Key implementation details:

  1. Grace period logic: The WHERE clause implements three conditions (OR):

    • tasks.paused_at IS NULL: Legacy tasks paused before the paused_at column was added (treated as immediately available)
    • tasks.paused_at < :grace_cutoff: Tasks paused more than 30 minutes ago (grace period expired, configured via agent_considered_offline_time)
    • agents.state IN (:orphan_states): Tasks from offline/stopped agents (immediate availability, bypassing grace period)
  2. Purpose: Finds tasks from other agents that have been orphaned, not the current agent's own tasks

  3. Exclusion: The query includes .where.not(agent_id: agent.id) to explicitly exclude tasks owned by the current agent

  4. Attack auto-resume: When reclaiming a paused task whose attack was also paused during shutdown cascade, the method automatically resumes the attack

  5. Reload handling: After attack.resume!, the task is reloaded because the attack's resume_tasks callback may have already resumed all paused tasks, potentially causing a StaleObjectError if we attempt to resume again

  6. Error handling: The resume operations are wrapped in a rescue block.

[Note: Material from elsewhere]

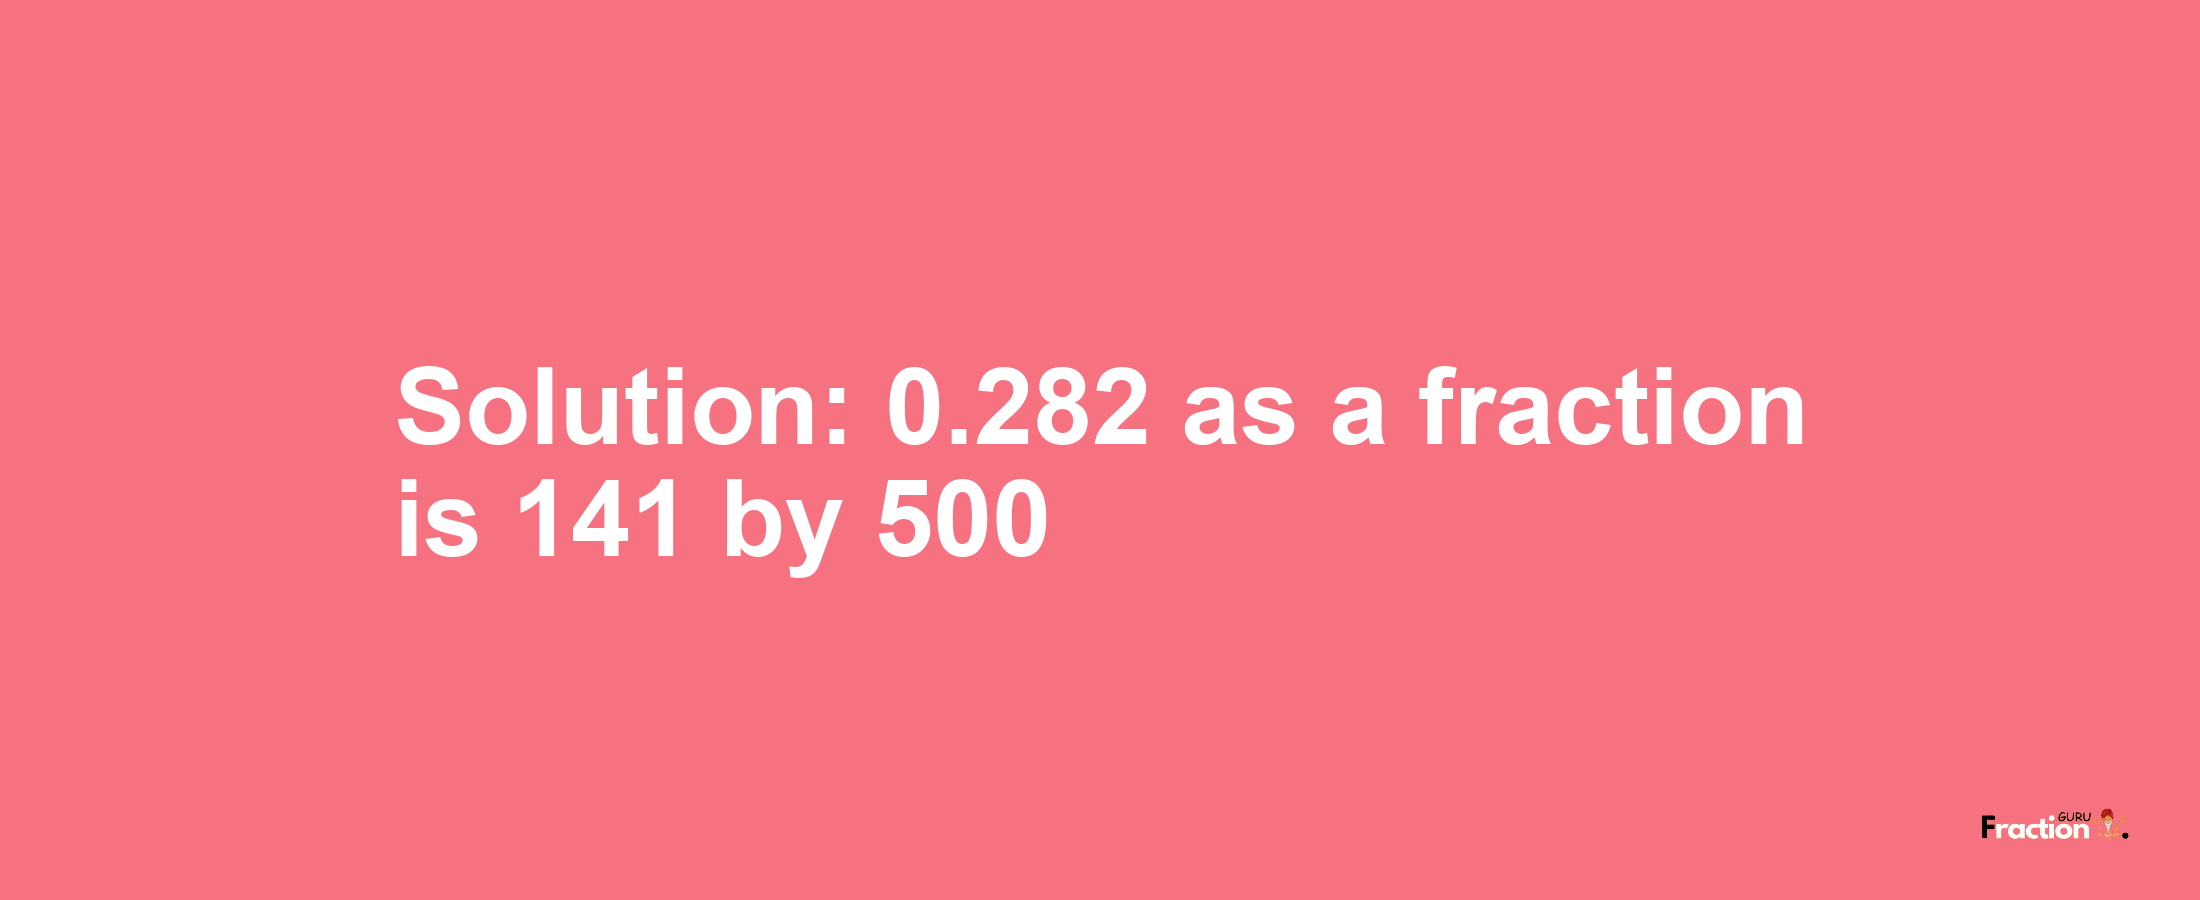 Solution:0.282 as a fraction is 141/500

If the attack or task resume fails, ownership reassignment is preserved and the error is logged. The task remains paused but assigned to the new agent, allowing find_own_paused_task to retry on the next cycle.

Why find_own_paused_task Checks [nil, agent.id]#

Unlike find_unassigned_paused_task, the find_own_paused_task method checks for claimed_by_agent_id in [nil, agent.id] because:

  1. Agent's own tasks: The query is already scoped to agent.tasks, which filters by agent_id
  2. Claim status: Tasks may have been paused with the agent still holding the claim, or with the claim cleared during shutdown
  3. Semantic correctness: Including agent.id in the claim check allows agents to resume tasks they were actively working on before shutdown

Race Condition Prevention#

The find_unassigned_paused_task method uses PostgreSQL row-level locking:

.lock("FOR UPDATE OF tasks SKIP LOCKED")

According to inline documentation:

Uses FOR UPDATE SKIP LOCKED to prevent two agents from racing to claim the same task.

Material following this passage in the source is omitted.